After the Italian surrender in 1943, some 131 Semovente da 75/18 were seized by the Germans and the production of another 55 was authorized. They were, in combination with other Semovente models, issued to 12 divisions (9 infantry, one mountain, one Jäger and one Grenadier) and 3 assault-gun brigades as well as to the 12th SS Polizei Panzer Company. All units were intended for service in Italy or the Balkans. They were designated StuG M42 mit 7,5 KwK L 18(850)(i).

==Surviving vehicles==
A number of 75/18 still survive today. Those include, listed by variants:
- a M 40 (Plate Number 4445), now at the Aberdeen Proving Ground.
- a damaged M 40 is exhibited at the El Alamein Military Museum.
- a M 40 or M 41, exhibited at the Musée des Blindés, Saumur.
- a M 41 (Pl. No. 4462) which was recovered after the war and served in the post–war Italian Army with limited modifications. It is now stored at the Historical Museum of Military Motorization, Cecchignola (Rome).
- a M 41 (Pl. No. 5727). Like the Roman one, this 75/18 was employed by the post-war Italian Army. Restored in 2005 by the Oto Melara, it is now housed in this company's museum at La Spezia.
- a M 41 at the Scuola truppe corazzate, Caserta.
- a M 42 at the Reggimento Artiglieria a Cavallo, Milan.
- a M 42 (Pl. No. 6173) with a dummy gun is located at the Rocca di Bergamo.
- a M 42 at the Parco delle Rimembranze, Lonate Pozzolo (without gun).
- a StuG M 42, numbered 114, was built under German control in early 1944. On 21 September, after a battle near Rimini it was abandoned in a crater. It was rediscovered and unearthed in 2000, and restored by the Museo dell'Aviazione at Rimini, where it has been exhibited since 2004.
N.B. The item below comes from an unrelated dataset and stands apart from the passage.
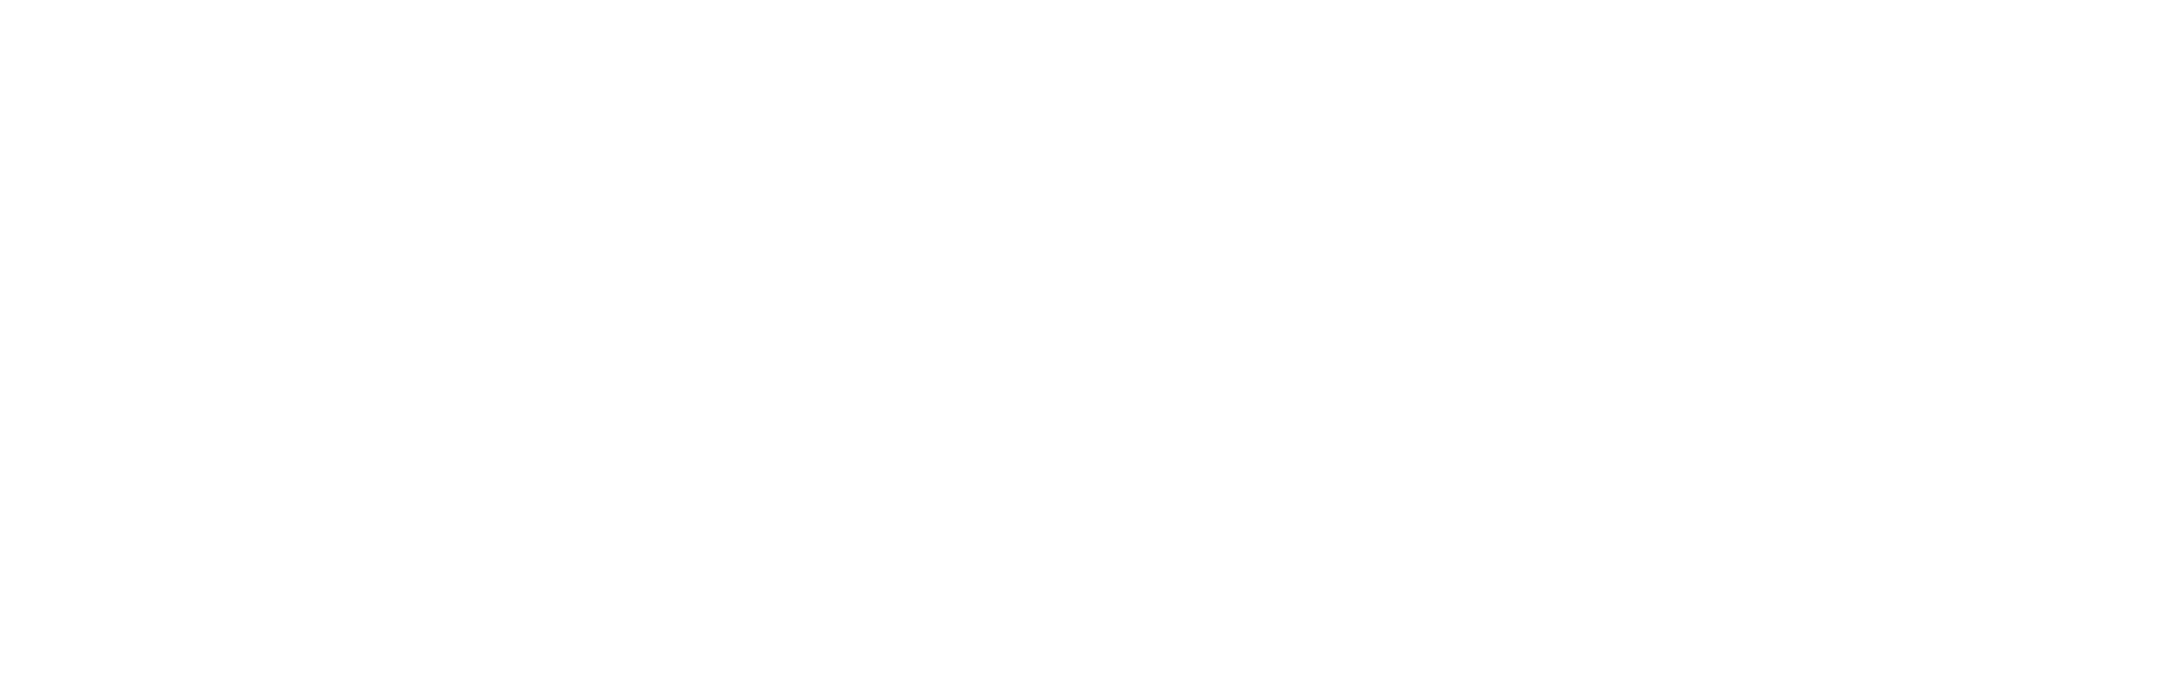 APEX program for school leadership

- an unspecified 75/18 is mentioned to be at Nocera Inferiore (Naples).

==In popular culture==
- The Semovente da 75/18 is featured in the game Company of Heroes 3 as a combat vehicle under the Afrikakorps' Italian Combined Arms Battlegroup. It features both anti-tank direct fire and support short-ranged artillery fire roles, which are accurate to the self-propelled gun's historical use.